• _Task directions_
Copy nothing but the lines below, from the one with "Vita Celestine Vitacelestine" through the one with "Fcs Fins II", exactly as written; no pictures should appear.

*** Records provided Section Begins ***

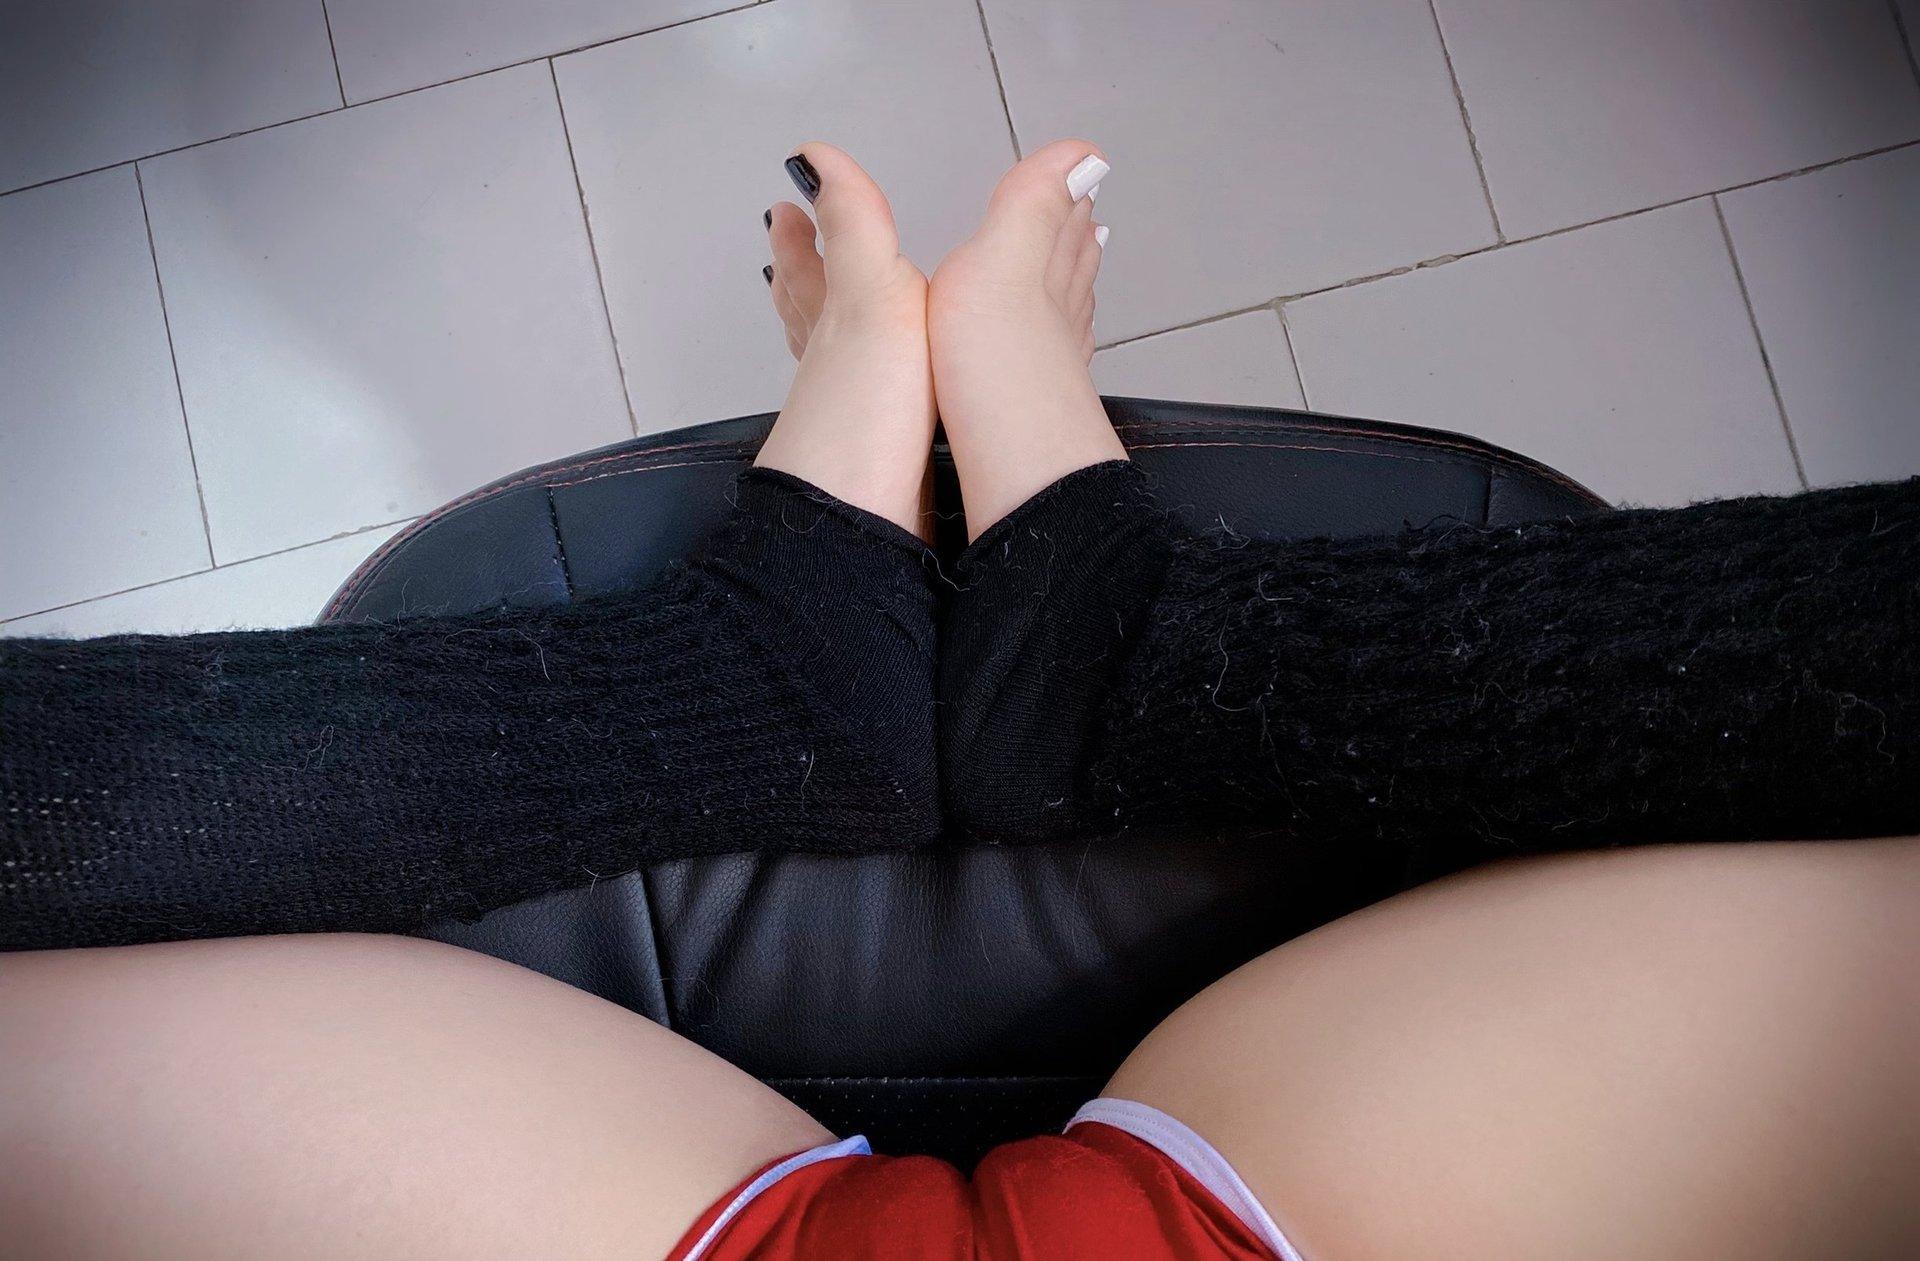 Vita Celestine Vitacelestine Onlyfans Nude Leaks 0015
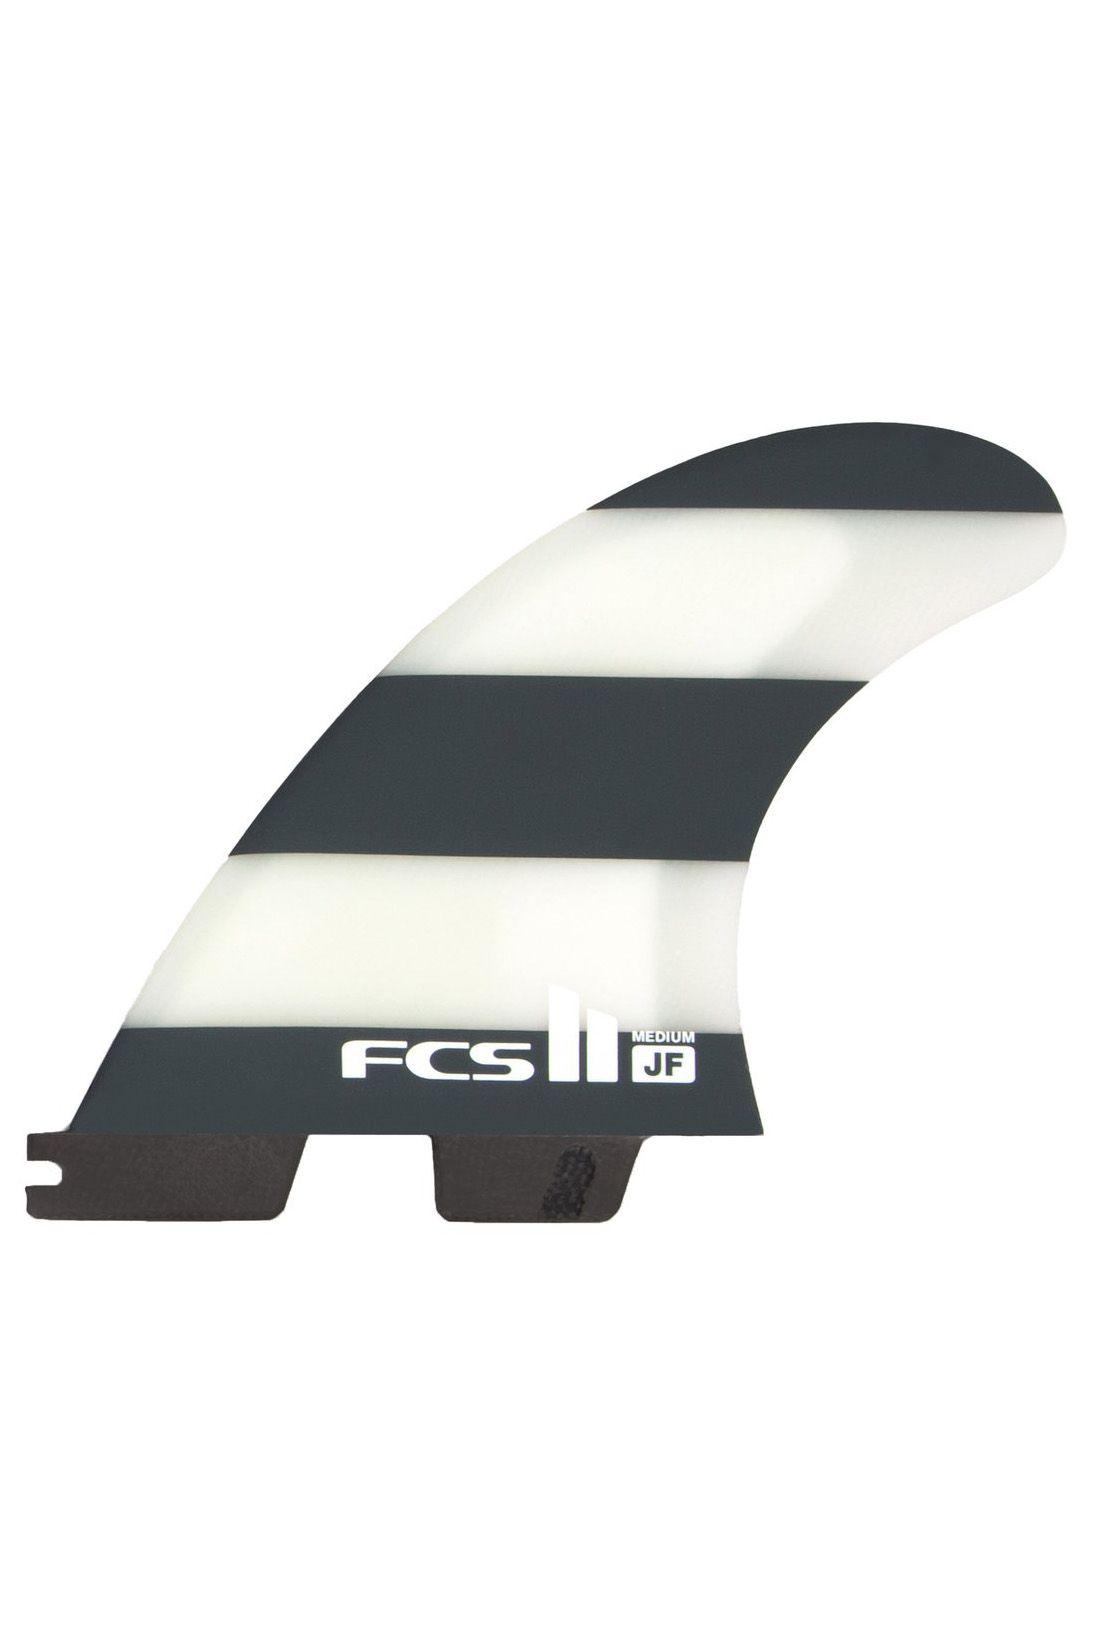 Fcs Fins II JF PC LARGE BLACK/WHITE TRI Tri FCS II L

*** Records provided Section Ends ***
*** Records provided Section Begins ***

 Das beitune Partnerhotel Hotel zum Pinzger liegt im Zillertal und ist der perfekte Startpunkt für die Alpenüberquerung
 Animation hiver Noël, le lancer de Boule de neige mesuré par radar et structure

*** Records provided Section Ends ***

• _Answer to this task_
 Vita Celestine Vitacelestine Onlyfans Nude Leaks 0015
 Fcs Fins II JF PC LARGE BLACK/WHITE TRI Tri FCS II L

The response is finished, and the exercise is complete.